Journalists can use the information in this study to investigate whether state or local programs are available to help relieve the financial and emotional toll on families and those living with dementia. Some states provide respite, in-home or adult day services, for example, while others actually pay caregivers, if the care recipient meets certain criteria.
The incremental changes associated with the long-term care and financial burden of people with dementia and their families are substantial, according to the researchers from The University of Michigan. Another sign of financial distress: Enrollment in Medicaid, the safety-net health care program for people living in poverty, nearly doubled for people with dementia in the first eight years after diagnosis, researchers noted. The rate of enrollment stayed flat for their peers.
Unpaid caregiving from family and others is the most striking and persistent care use difference, according to HwaJung Choi, Ph.D., the study’s lead author and a health economist and research associate professor in the University of Michigan Medical School’s Department of Internal Medicine. On average, caregivers spent 45 hours per month caring for people with dementia, compared to 13 hours for those without it, after two years. That difference remained consistent across eight years.
The study method
Researchers examined broad outcomes such as care and financial status among a cohort of 4,378 older adults using data from the Health and Retirement Study — a long-term analysis based on interviews and health exams — to reveal trends that previous studies using Medicare data alone could not. At baseline (the time before a dementia diagnosis), the median of study participants’ wealth was approximately $79,000 when all assets and debts were counted. Overall, the wealth of the peer group without dementia was about the same.
Both groups had annual out-of-pocket spending for medical expenses such as co-pays, deductibles, over-the-counter purchases and home care of about $4,000 at baseline.

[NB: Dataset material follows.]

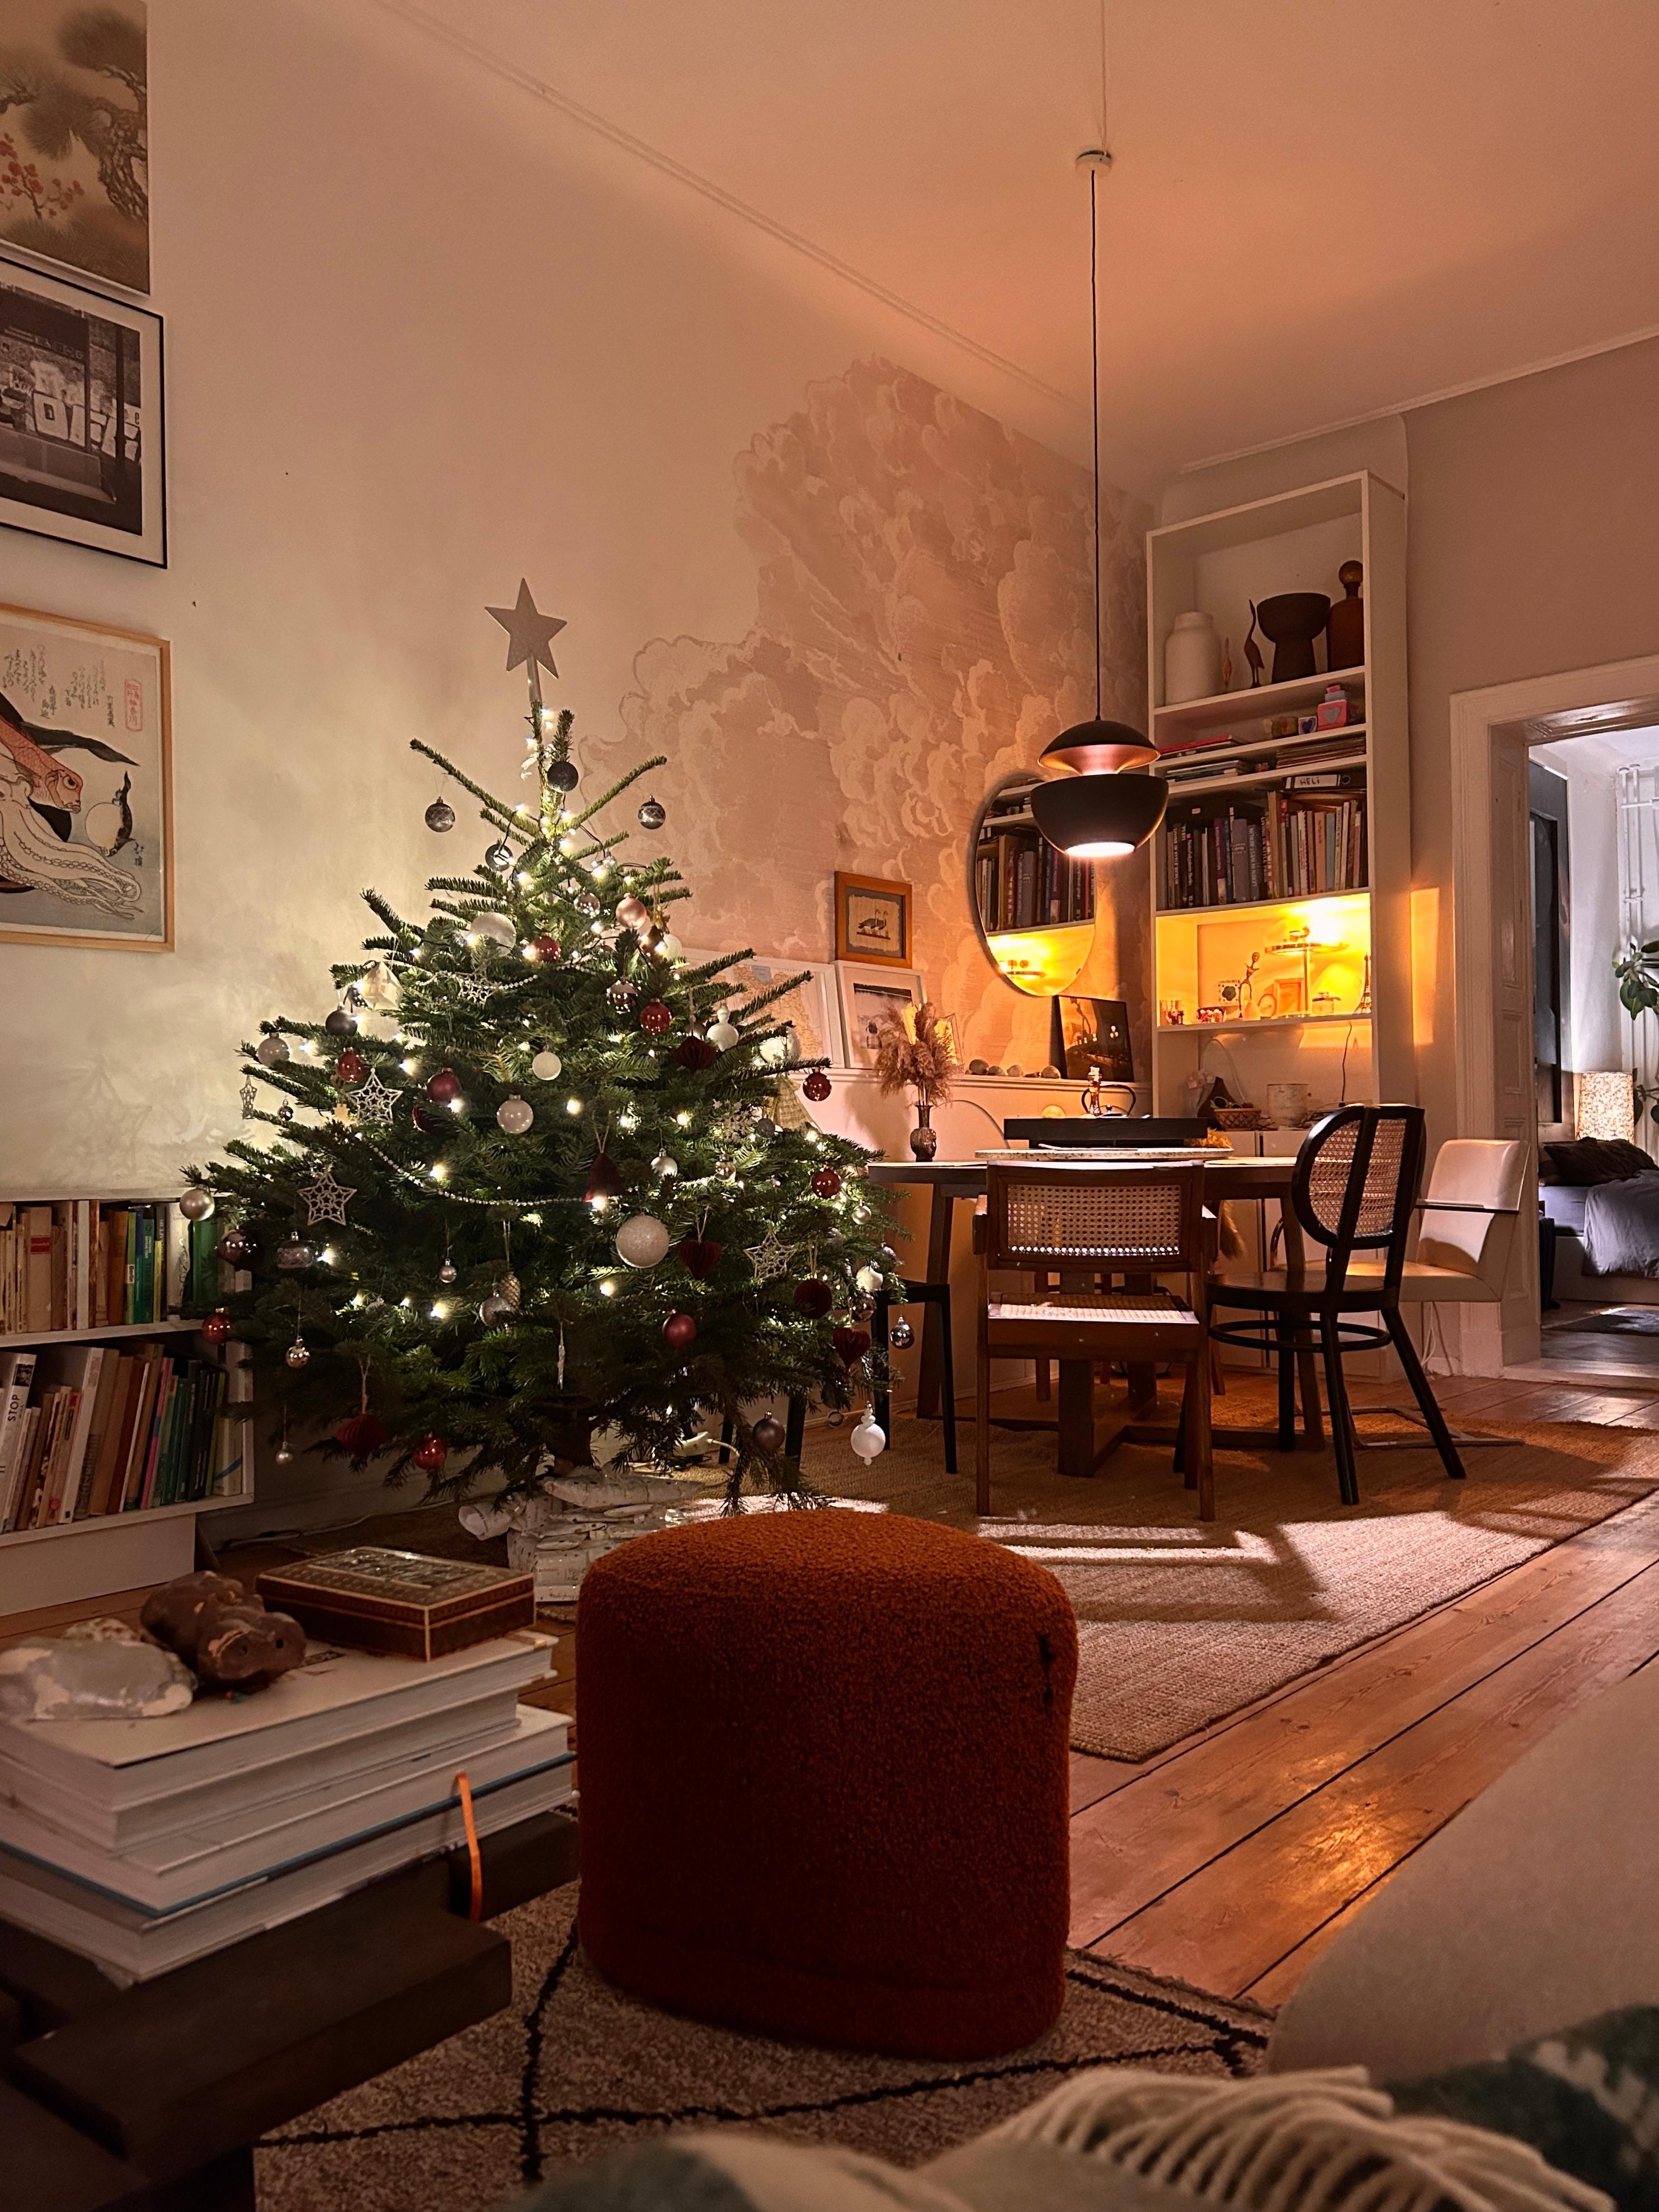 Lichtermeer. Allen einen gemütlichen Abend! ♥️🕯️✨ #wohnzimmer #esszimmer #weihnachtsbaum #weihnachtsdeko #altbau 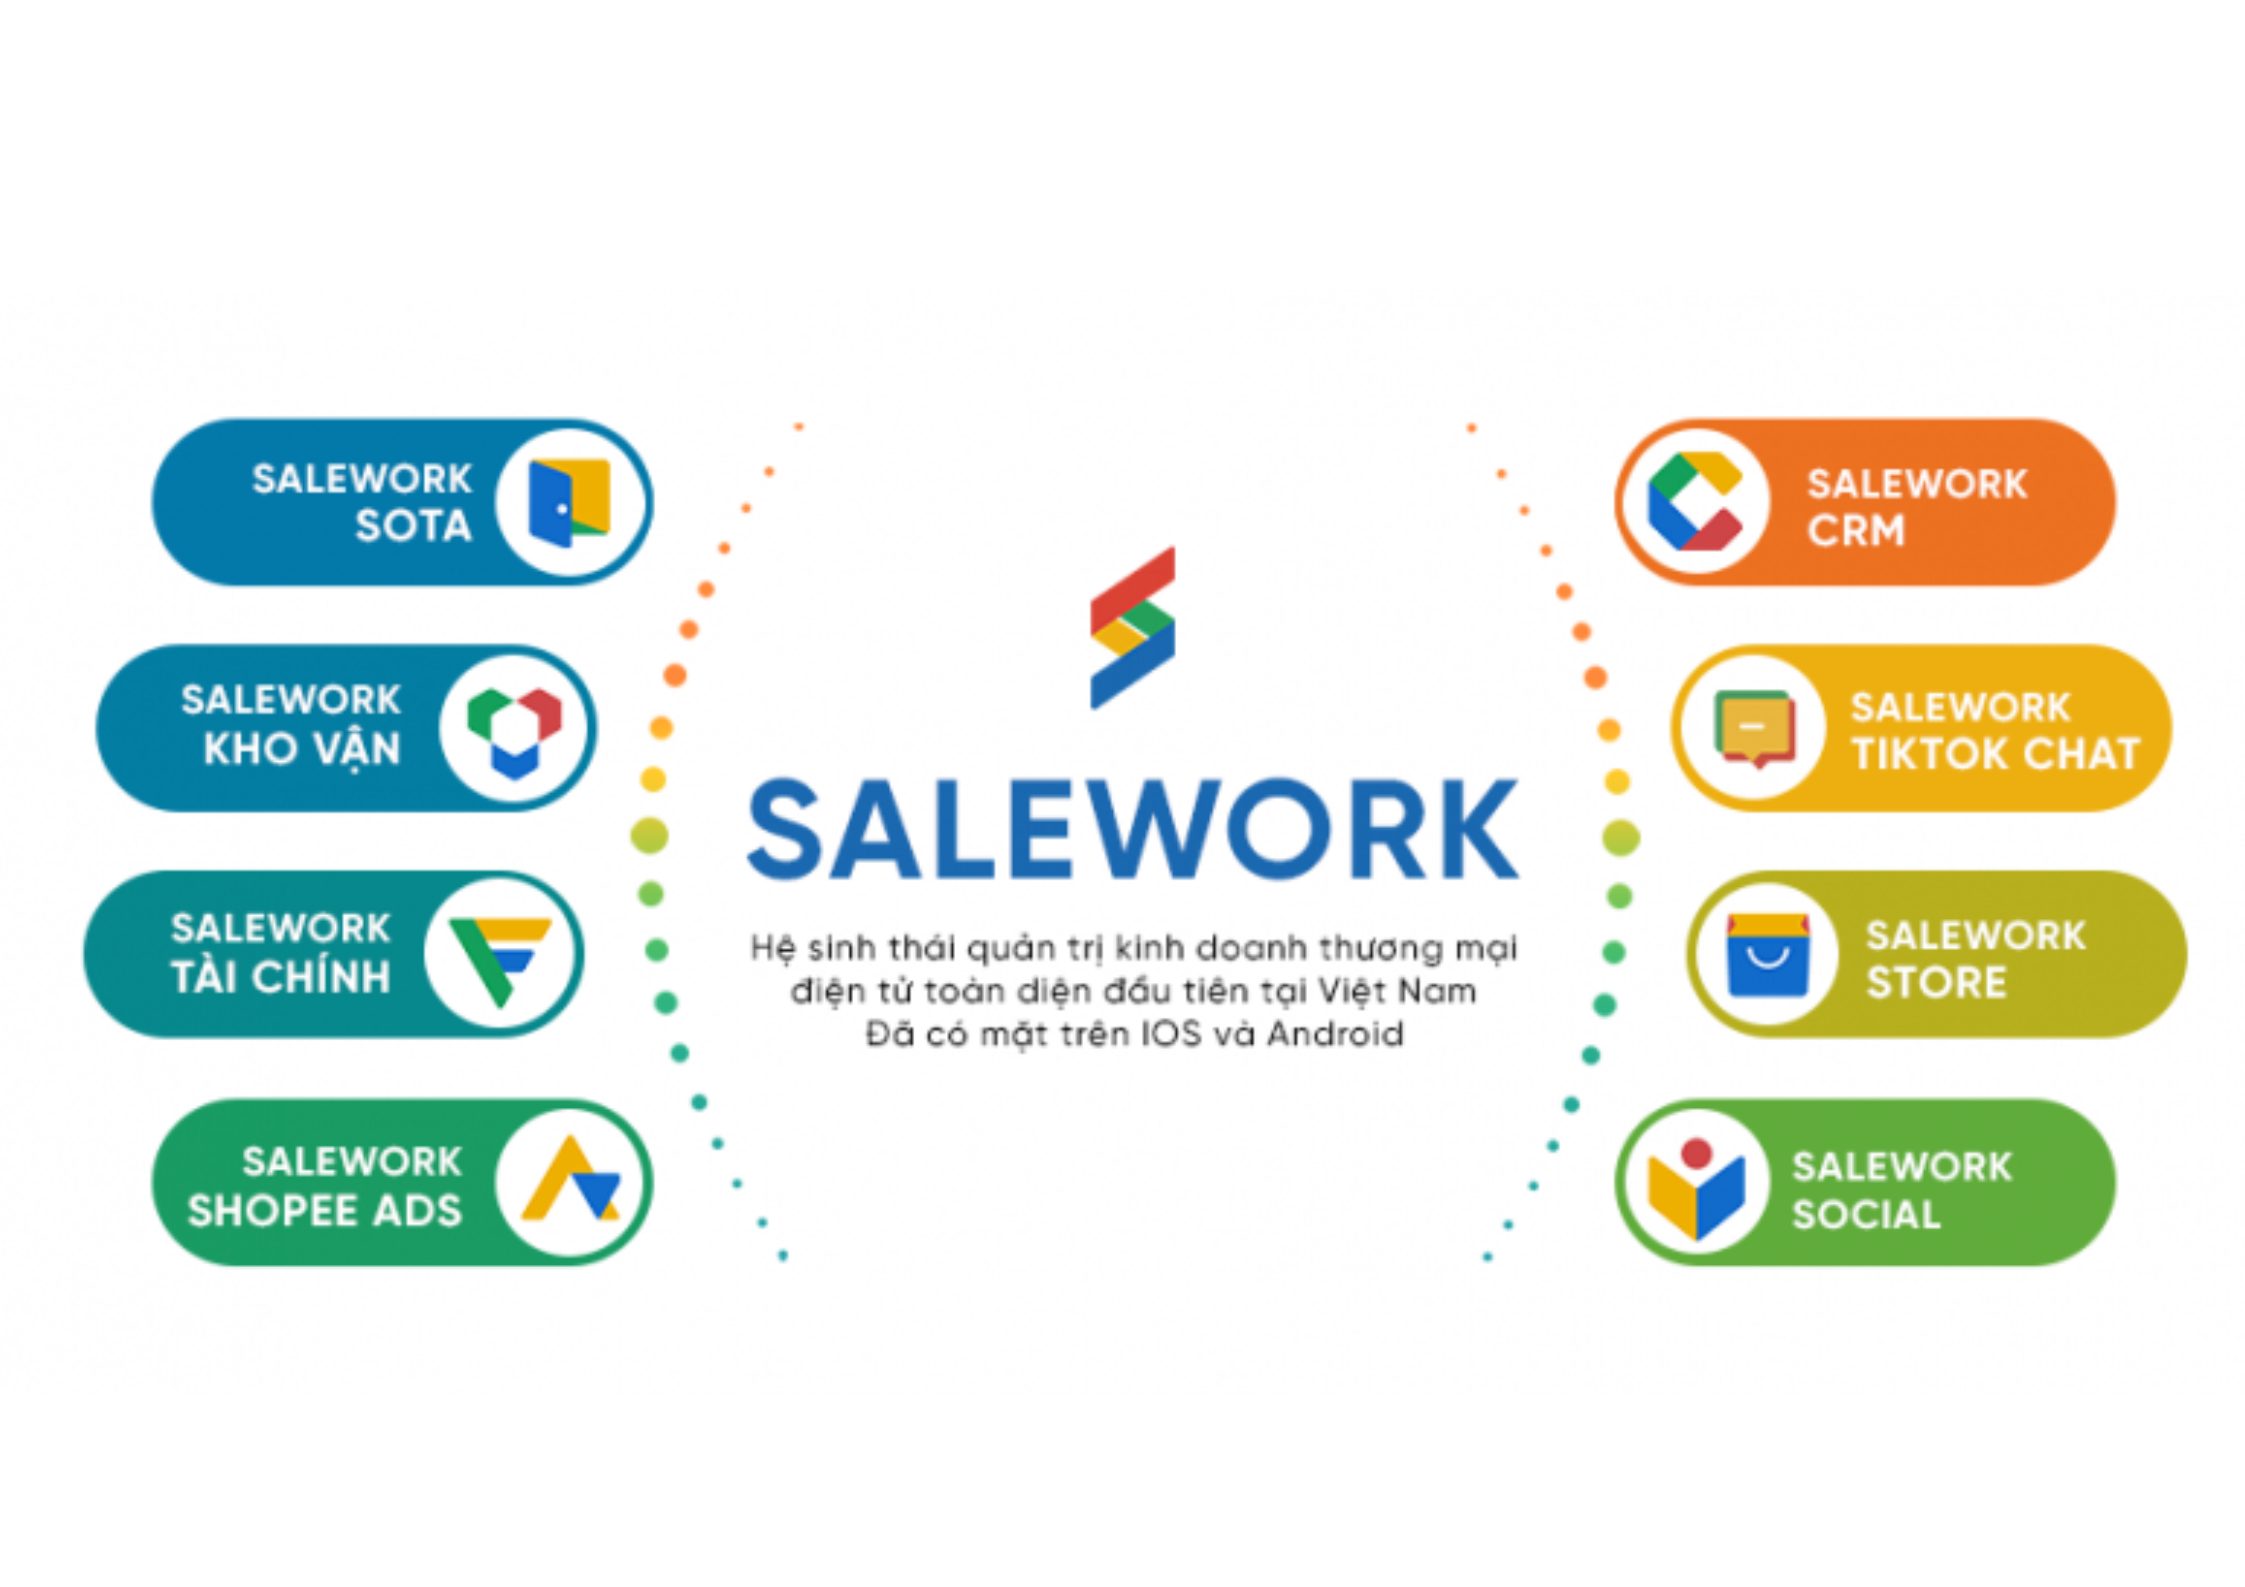 [Baodansinh.vn] Tối ưu hiệu quả kinh doanh với phần mềm quản lý bán hàng online Salework - 9

By the end of two years, people with dementia saw their median wealth drop to $58,800, and their out-of-pocket costs double to around $8,000. Their peers saw neither of these impacts. After eight years, people with dementia had spent nearly twice as much as their peers for health expenses and their median wealth dropped from $79,339 to $30,490; their peers saw no significant drop.
The availability of family support was a critical factor in moving to nursing home residence, both at baseline and by the end of eight years after dementia onset. Nursing home residence was half as common among those who either lived with a non-disabled spouse when they were first diagnosed, or who had both a spouse and a child living with them.
To help address the financial and emotional burdens of dementia care, the Centers for Medicare and Medicaid launched a new pilot program called “Guiding an Improved Dementia Experience” (GUIDE) in July 2023 to support people diagnosed with dementia and their families to help with care coordination, respite care and caregiver education and support.
The GUIDE Model will offer a standard approach to care, including 24/7 access to a support line. The goal is to allow people living with dementia to remain safely in their homes for longer by preventing or delaying nursing home placement and improve quality of life for both people living with dementia and their unpaid caregivers. The model also incorporates policies to enhance health equity by ensuring underserved communities have equal access to the intervention.